I basically want to demo a few internal plasterboard walls and extend an existing opening in order to open up the entire area.
The area is level 1 of our house and above these walls is only a flat colourbond roof.
Does anyone see any issues with this?
Would a lintel be all thats required for the extended opening or ?
Thanks
Ed

----------


## droog

Without knowing or seeing the internal structure of the roof and where the existing beams are supported or resting it is impossible to tell.
Installing a lintel or support beam is what is required but there must also be support provided for the end of these beams down to foundation. From your other post the house is high set, additional support under the floor may be required. 
Have a look around your local area for builders that may give no obligation quotes, an onsite inspection would be your best bet.

----------


## ed612313

OK, thanks Droog.
Getting a local builder in was the next plan of attack so ill go down that path
Thanks gaain

----------


## Bloss

> Without knowing or seeing the internal structure of the roof and where the existing beams are supported or resting it is impossible to tell.
> Installing a lintel or support beam is what is required but there must also be support provided for the end of these beams down to foundation. From your other post the house is high set, additional support under the floor may be required. 
> Have a look around your local area for builders that may give no obligation quotes, an onsite inspection would be your best bet.

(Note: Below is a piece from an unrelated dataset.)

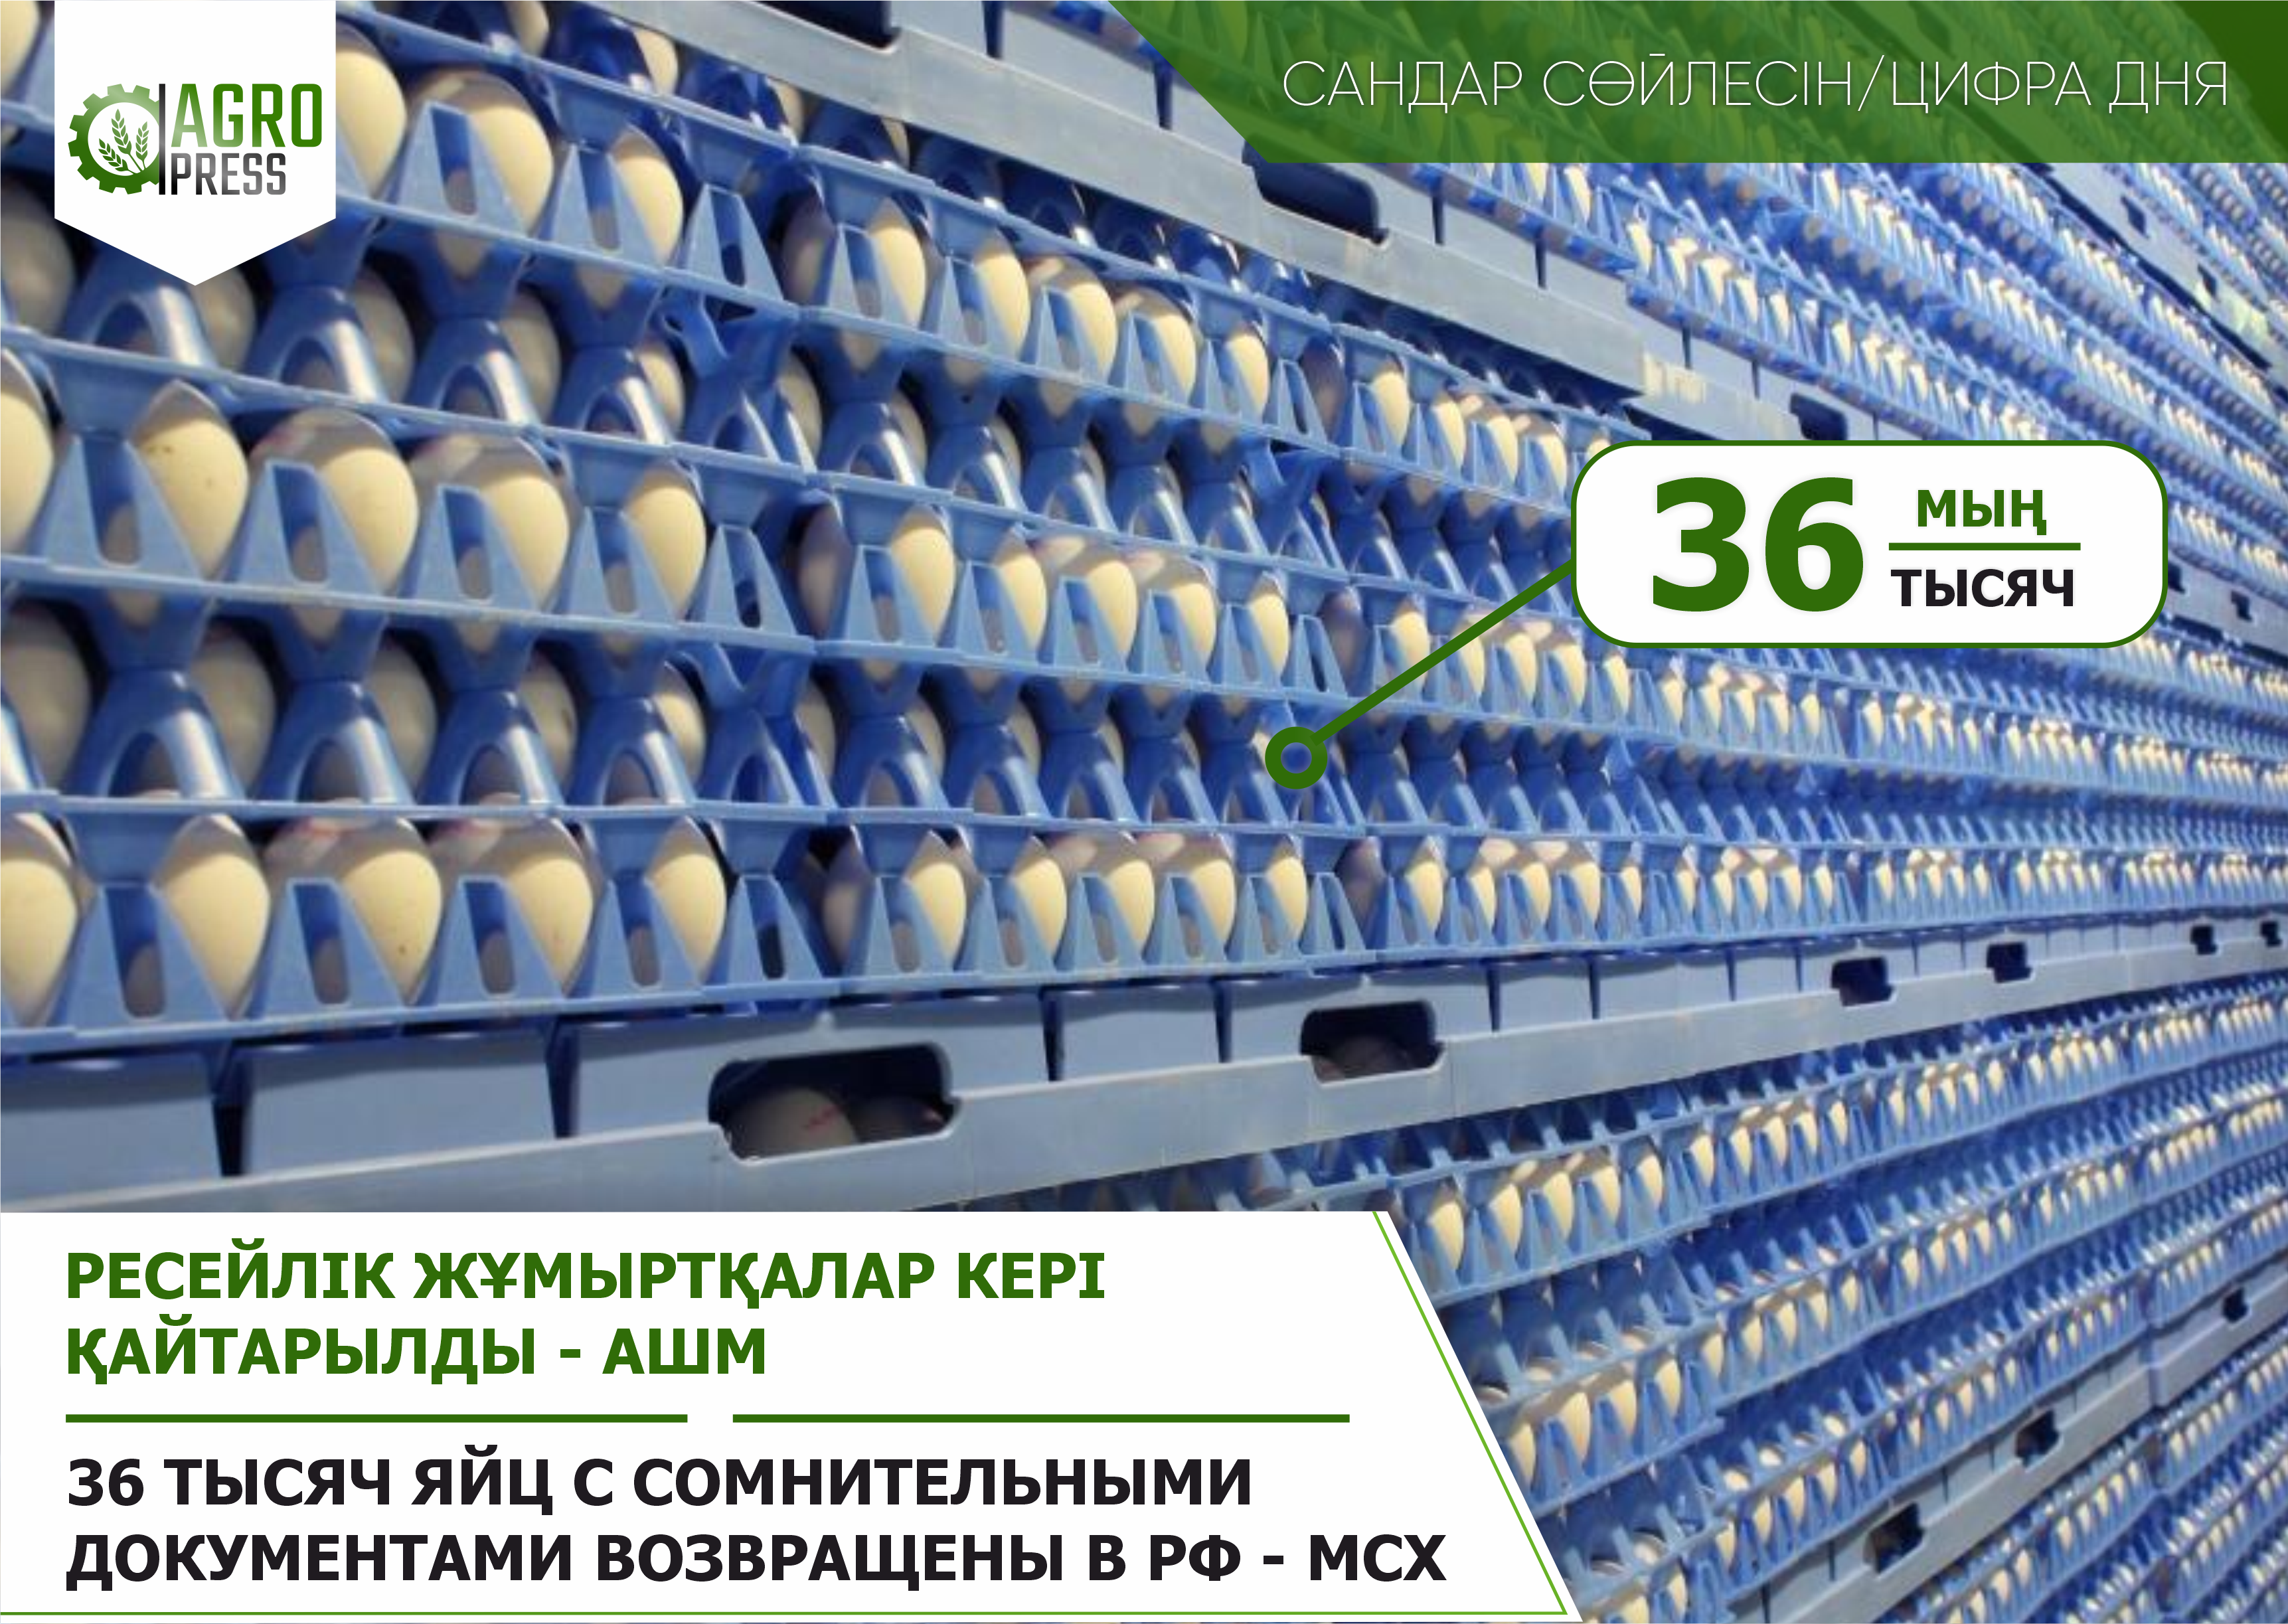 36 тысяч яйц с сомнительными документами возвращены в РФ - МСХ

   :What he said:  - Also worth going online to the local council (if a vast isn't possible) and seeing what you can get for the house on file. They might well have detailed plans of the building. Given it's a flat roof the plans could show the detailed drawings of beams & rafters etc. Without that you have no easy way of telling which walls are load bearing unlike trussed roof which mostly be on outside walls and occasionally an inner wall with extensions or more complex envelope shapes.

----------